- Task requirements -
Across the material below, how many lines hold the word "Cushion"? Only the number should be given.

=== Section Start ===

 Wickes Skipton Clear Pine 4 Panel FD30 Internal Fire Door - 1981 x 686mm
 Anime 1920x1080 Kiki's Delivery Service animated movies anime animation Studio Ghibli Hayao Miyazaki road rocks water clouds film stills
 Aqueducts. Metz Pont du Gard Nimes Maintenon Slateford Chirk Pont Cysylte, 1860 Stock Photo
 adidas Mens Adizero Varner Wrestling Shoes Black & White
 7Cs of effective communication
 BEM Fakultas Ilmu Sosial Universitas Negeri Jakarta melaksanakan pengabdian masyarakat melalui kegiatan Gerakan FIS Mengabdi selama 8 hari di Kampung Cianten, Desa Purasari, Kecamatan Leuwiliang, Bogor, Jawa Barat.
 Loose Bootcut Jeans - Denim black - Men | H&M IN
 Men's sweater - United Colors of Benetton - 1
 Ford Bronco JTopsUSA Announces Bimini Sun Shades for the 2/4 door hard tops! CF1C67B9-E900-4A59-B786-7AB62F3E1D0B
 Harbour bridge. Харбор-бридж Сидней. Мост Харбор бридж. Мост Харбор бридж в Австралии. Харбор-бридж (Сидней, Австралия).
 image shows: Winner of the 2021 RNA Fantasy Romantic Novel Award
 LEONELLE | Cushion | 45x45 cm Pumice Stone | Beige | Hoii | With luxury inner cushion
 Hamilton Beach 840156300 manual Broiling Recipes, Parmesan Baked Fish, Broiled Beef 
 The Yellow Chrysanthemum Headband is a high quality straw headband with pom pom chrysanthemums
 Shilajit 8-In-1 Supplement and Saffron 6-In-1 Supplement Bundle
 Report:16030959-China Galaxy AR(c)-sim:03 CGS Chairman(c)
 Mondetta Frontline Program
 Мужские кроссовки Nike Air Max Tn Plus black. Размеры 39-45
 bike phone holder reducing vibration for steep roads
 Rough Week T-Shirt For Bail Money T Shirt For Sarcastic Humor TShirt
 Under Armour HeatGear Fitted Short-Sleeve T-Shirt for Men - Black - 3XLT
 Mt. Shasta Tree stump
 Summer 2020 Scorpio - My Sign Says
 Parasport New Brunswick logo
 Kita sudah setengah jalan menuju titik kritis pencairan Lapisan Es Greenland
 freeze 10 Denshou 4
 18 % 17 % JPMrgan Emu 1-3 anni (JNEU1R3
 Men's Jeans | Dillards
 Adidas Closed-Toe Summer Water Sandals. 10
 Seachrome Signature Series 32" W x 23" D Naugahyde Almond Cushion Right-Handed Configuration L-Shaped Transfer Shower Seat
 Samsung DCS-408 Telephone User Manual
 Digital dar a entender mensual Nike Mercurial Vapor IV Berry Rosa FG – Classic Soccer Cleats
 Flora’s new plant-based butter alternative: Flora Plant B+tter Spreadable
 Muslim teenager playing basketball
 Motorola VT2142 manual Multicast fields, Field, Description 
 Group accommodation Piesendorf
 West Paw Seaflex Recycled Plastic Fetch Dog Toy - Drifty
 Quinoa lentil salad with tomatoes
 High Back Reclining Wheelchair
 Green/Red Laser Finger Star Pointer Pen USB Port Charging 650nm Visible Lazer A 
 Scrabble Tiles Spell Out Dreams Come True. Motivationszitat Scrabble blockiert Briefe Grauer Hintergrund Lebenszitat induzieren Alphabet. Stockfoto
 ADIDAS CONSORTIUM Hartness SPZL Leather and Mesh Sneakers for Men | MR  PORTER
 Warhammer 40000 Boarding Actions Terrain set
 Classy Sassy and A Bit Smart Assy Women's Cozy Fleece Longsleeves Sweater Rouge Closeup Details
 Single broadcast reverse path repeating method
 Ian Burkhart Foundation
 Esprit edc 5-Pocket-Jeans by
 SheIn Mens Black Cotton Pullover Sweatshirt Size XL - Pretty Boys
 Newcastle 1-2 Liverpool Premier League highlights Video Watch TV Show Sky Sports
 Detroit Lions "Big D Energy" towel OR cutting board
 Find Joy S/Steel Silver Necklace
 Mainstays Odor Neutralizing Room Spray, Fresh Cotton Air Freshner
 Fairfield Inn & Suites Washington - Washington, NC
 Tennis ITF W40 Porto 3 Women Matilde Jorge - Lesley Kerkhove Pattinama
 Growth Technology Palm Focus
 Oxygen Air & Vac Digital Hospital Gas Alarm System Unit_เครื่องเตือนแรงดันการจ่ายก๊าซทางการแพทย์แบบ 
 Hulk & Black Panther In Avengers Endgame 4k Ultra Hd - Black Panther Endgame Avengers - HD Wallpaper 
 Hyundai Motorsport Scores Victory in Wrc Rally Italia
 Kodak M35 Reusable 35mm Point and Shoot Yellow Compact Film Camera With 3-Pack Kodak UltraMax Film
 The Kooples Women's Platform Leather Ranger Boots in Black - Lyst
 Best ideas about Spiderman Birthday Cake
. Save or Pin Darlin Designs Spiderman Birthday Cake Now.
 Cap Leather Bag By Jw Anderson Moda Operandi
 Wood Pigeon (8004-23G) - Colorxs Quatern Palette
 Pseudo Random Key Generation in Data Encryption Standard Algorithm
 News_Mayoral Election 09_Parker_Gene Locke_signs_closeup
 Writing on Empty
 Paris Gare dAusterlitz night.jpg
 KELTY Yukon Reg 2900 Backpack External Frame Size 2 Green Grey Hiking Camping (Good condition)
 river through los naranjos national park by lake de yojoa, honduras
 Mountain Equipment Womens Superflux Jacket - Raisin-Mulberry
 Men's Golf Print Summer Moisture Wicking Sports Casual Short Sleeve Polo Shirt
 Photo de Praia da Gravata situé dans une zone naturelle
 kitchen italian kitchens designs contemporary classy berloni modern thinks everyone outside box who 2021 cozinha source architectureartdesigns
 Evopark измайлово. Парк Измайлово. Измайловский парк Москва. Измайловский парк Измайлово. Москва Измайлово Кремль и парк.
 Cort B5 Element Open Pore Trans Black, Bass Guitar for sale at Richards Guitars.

=== Section End ===

- Result of the exercise -
2